The language of section 86 is inclusive of all applicable provisions of the Australian ballot system by the provision that elections shall be held under that system as provided in the general election laws and as particularized, detailed or designated in sections 22 and 23. Sections 22 and 23 provide for the particular manner of voting. Section 22 provides, so far as material here, that the voter shall be allowed to enter the space enclosed by the guard rail, and one of the judges shall give him one, and only one, ballot, on the back of which such judge shall indorse his initials in such manner as they may be seen when the ballot is properly folded; and section 23 provides that on receipt of his ballot the voter shall forthwith, and without leaving the enclosed space, retire alone to one of the voting booths and prepare his ballot by making in the appropriate margin or place a cross, or writing in the name of the candidate of his choice in the blank space, or making a cross against the answer he desires to give to a question submitted to a vote of the people. If these provisions should be regarded as the only ones intended by the General Assembly to govern the election they would prevent an illiterate or physically disabled voter from casting a vote, because by their terms he could not have assistance. The constitution secures to every citizen having the requisite qualifications a right to cast his vote, regardless of the question whether he is able to read or write or understands the English language or is physically disabled. These sections do not in terms prohibit assistance, but their provisions are such as render any assistance impossible, and the necessary result would be that they deprive the citizen of his constitutional right. Section 24 provides a method of assistance, and its provisions were held to be mandatory in Gill v. Shurtleff, 183 Ill. 440.

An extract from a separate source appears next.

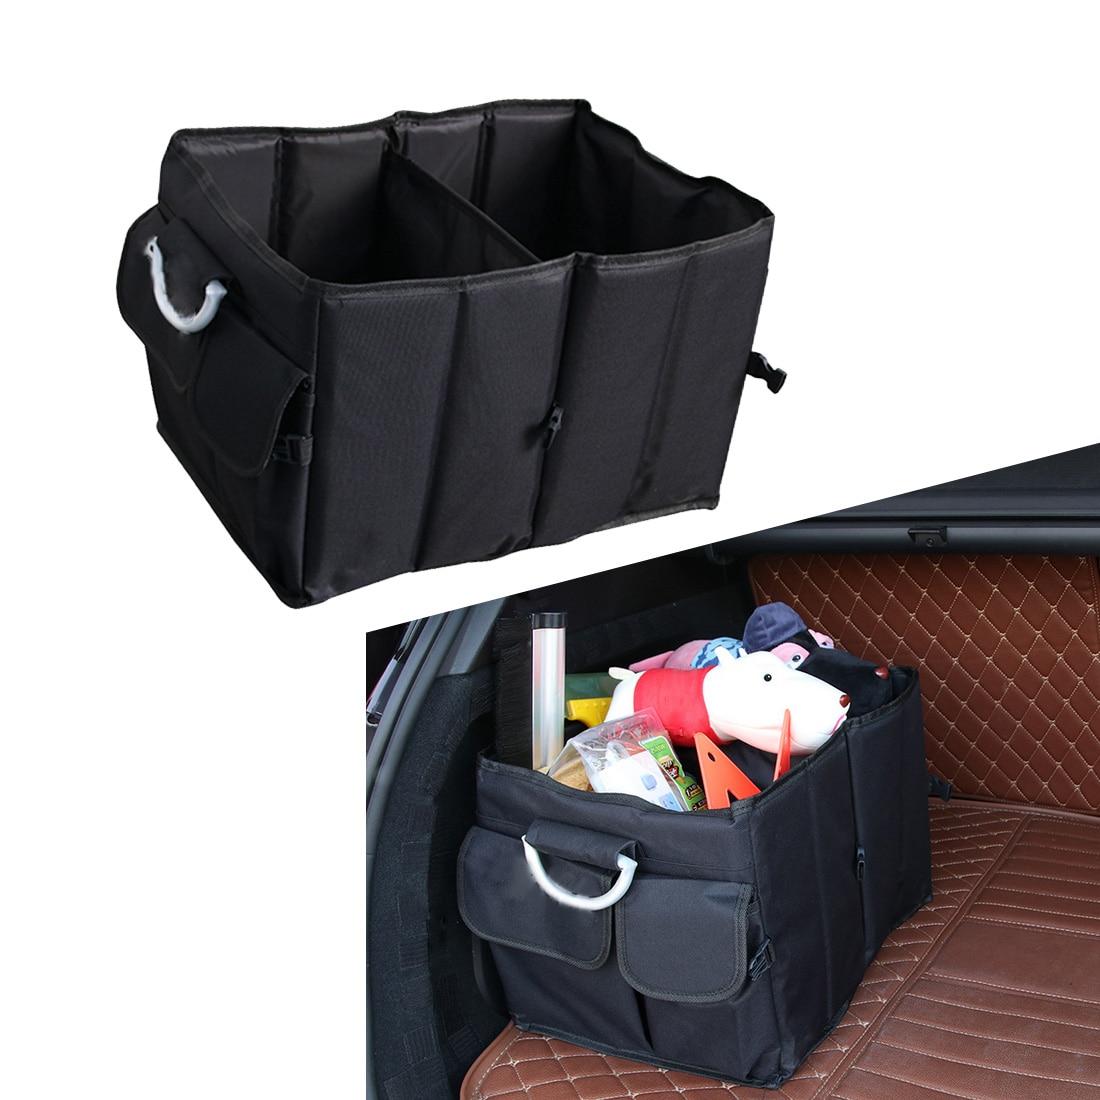 Disney Collapsible Storage Trunk Toy Box Organizer Chest: Dongzhen 1X Car Storage Box Trunk Organizer Toys Food

It is the settled rule that where an act is susceptible of two constructions, one of which will sustain and the other destroy the act, that construction will always be adopted which will sustain it. To include section 24 in the statutory provision of section 86 is clearly within the language of that section, as it is a part of the Australian ballot system as provided in the general election laws, and unless it is included the act must be held unconstitutional and void. If section 24 must be included, then it is clear that the legislative intention was not to limit the application of the Australian ballot system to sections 22 and 23, but to cast about the election all the protection provided by the Australian Ballot law.

There is a further reason for concluding that it was intended to protect the elections for township high schools and community high schools, to which sections 86 and 126» are limited, in the fact that there is a very wide difference between such elections and the ordinary school district election. Such districts embrace large territory and an extension and expansion of the school system and involve increased powers of taxation, and, as is well known, create great public interest and result in bitter and acrimonious contests. These considerations exclude ignoring or disregarding any words of this statute on the ground that the General Assembly intended differently from the language employed. The court is not authorized to tamper with language employed by the General Assembly for the purpose of producing results which the court may conclude the General Assembly ought to have intended, even if such a conclusion could be reached in this case. The wisdom of any provision is not for the courts so long as it is within the legislative power and the manner of conducting elections, and safeguards to be established are for the General Assembly and not for the courts. An election for a community high school cannot be conducted under the Australian ballot system, as provided in the general election laws and as detailed in section 22 and section 23 of that system, unless all applicable requirements of the system are observed.

The court did not err in sustaining a demurrer to the plea, and the judgment is affirmed.